Alright then”. This is, in a way, the reasoning of the producers.
It is important to try to understand this better, which are the sectors and interests that push the agro-export sector towards a greater compliance, with the new forms of regulation and the new international regulation agenda, and which are the sectors that go in the opposite direction and reject this concern.
What is the role of society in the food market regulation? How do groups like NGOs and social movements act?
Pedro da Motta Veiga – This is mainly an European thing, as regards food and agriculture. You have a large participation, an important thing, which are voluntary certifications or private standards. These are things that are not imposed by governments, they are initiatives from NGOs or NGOs combined with retailers (supermarkets). They create a certification system that defines criteria and standards that are not imposed on anyone, but to which producers can associate, provided that they demonstrate that they meet these criteria and standards. Eventually, there are certain retailers that only buy products from producers that meet certain requirements and are certified. This is an interesting process.
In Brazil you have, for example, in the soybean sector, a very interesting experience that is the soybean moratorium. The soybean moratorium dates back to 2006 and was renewed. It is a commitment of soybean processing and exporting companies not to buy soybeans from deforestation. The government at other times was close to that, joined the efforts. It has become a very successful case of public-private articulation around sustainable soybean production for export.
There is a certification system in the sugar and alcohol sector worldwide called Bonsucro. It also establishes environmental, labor and social criteria that companies have to comply with in order to be certified. And many people only buy a product if it is certified by Bonsucro. Bonsucro is an international initiative that certifies people in India, Australia, South Africa, where there are people who produce sugar cane and alcohol. But the crown jewel is Brazil, where the vast majority of certified plants in the world are located.
These are interesting initiatives that reflect the interests of companies themselves, NGOs, civil society, consumer entities. They show an interest in participating in this matter of regulation, and are things that can open up even more in the coming years.
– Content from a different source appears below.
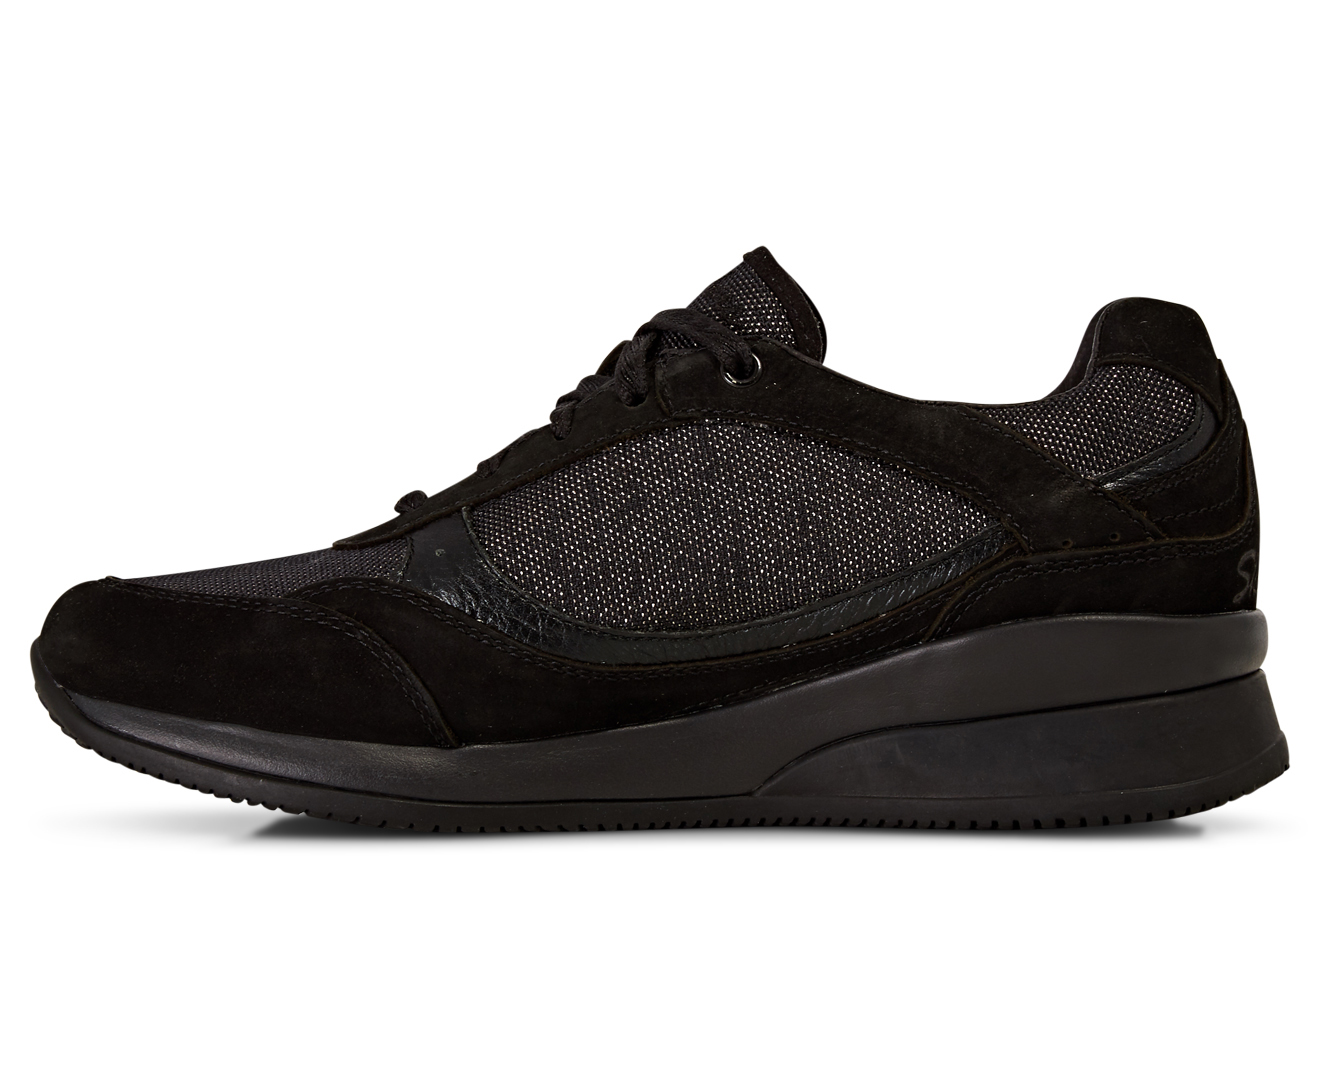 Skechers Women's Vita Wedge Fit Shoe - Black | Catch.co.nz

If you think that 50 years ago we had almost nothing like international trade regulation, and since then we have the entry of these regulatory mechanisms – which are health measures, labelling requirements and other technical measures. There are standards based on the environmental and climate issue.
There are standards that have no origin in governments or in international negotiations, but in the formation of groups and coalitions in the developed countries, which involve NGOs, consumer associations and companies.
So there is a much more complex scenario, with many more layers of regulation, much more actors. And Brazil has to prepare as a major exporter of agricultural products to deal with it.
What are the perspectives for the food regulatory scenario in Brazil?
Pedro da Motta Veiga – I think Brazil has this kind of concern, at least in terms of animal and plant health. Brazil has an important international participation.
The question is whether Brazil is today, with its attitudes, being able to refine the vision in relation to this regulation, going beyond the position that says that exporting countries are liberal and importing countries are protectionist because they have less market opening. I think that the world of agricultural regulation today has much more than this opposition.